David Mccullough's book on Truman is great. It is well written, full of great information, and though many people think too pro-Truman it does show why he was a Great Man. Unfortuantely many professors and especially those with Revisionist Tendancies don't feel Mccullough's book is scholary. They see it as Pop History. I think this is academic snobbery, and also stubborness upon the part of the revionists to admit Truman was a great President. However, a good way to silence the revisonists and to read another great book on Truman is to read Hamby's Man of the People. Though a little more critical than Mccollough, Hamby again paints a great portrait of a great man. For whatever reasons, Hamby is considered more scholary and his book more scholary. Whatever makes our Professors happy. But regardless, this is a great book. Though long like Mccollough, it tells a great story. Hamby is a fine historian who was also on c-spans look at Truman for its President's series. So in short, a more "academic" but just as great book on Truman.
Whatever you do, READ MCCULLOUGH BEFORE THIS!!!
I was unfortunately persuaded by a review of this book that it was a better one to start with than McCullough's Pulitzer-prize-winning book "Truman." So I gave it a try, but had to quit about 100 pages in because it was SO bad.

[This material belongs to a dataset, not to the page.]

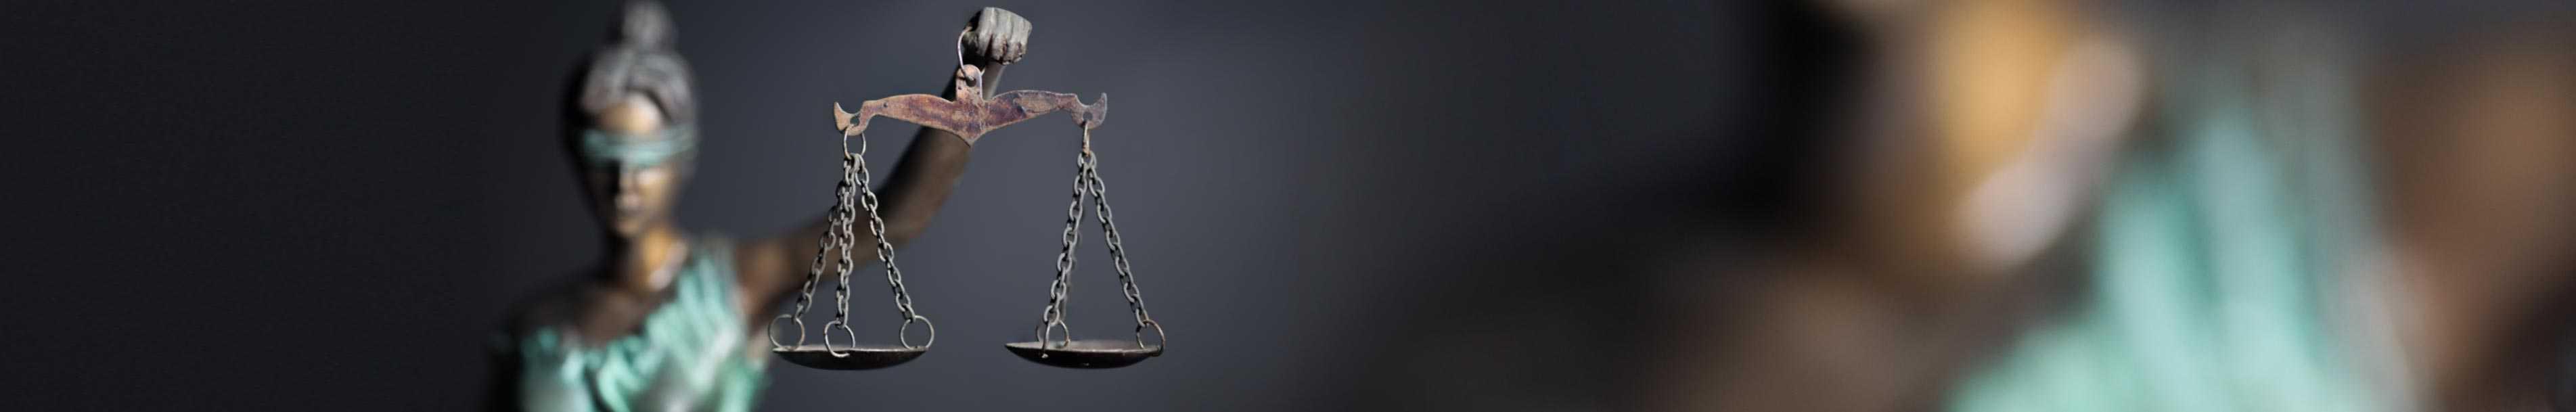 estudiar derecho online

I suspect that Hamby (who wrote a book on Truman in 1972) had this book in the works when McCullough came out with his tour-de-force a few years before. Not wanting to lose out on his efforts to date, he packs his text with the most meaningless minutiae (eg, endless quotes of dollar figures regarding Harry's business ventures) just to show the reader, I think, how many hours he spent slogging through county records and such -- but at the cost of any flow to his narrative.
Now this is actually a very favorable spin on his writing, but I suspect the truth is that -- even without this junkyard of data -- he is not a writer capable of holding the reader's interest. SO many times while I was reading this book I kept a running argument with the author over why he was not providing more backstory to the events in Harry's life. When I finally dove into McCullough's book it was a man starved for oxygen finally breathing it in.
Perhaps the most telling part of Hamby's book is his dig on McCullough's book (p722). He describes it as "a nicely told story but (despite its length) episodic and lacking much in the way of historical perspective." From this I can assure Hamby that he has succeeded beyond his wildest expectations in producing a book that is A POORLY TOLD STORY. Congratulations.
As for his own implication that he, and not McCullough, has provided historical perspective for Truman's story, well, I guess he's right if "historical perspective" is defined as "a mind-numbing recitation of meaningless but accurate little facts."
Using the "forest-for-the-trees" analogy, McCullough is a pilot carrying you effortlessly over the forest with a flawless narration. Hamby is a blind stuttering lumberjack who gets off on the texture of tree bark while you quitely go insane with boredom. (My apologies to any blind stutterering lumberjacks who may take offense.)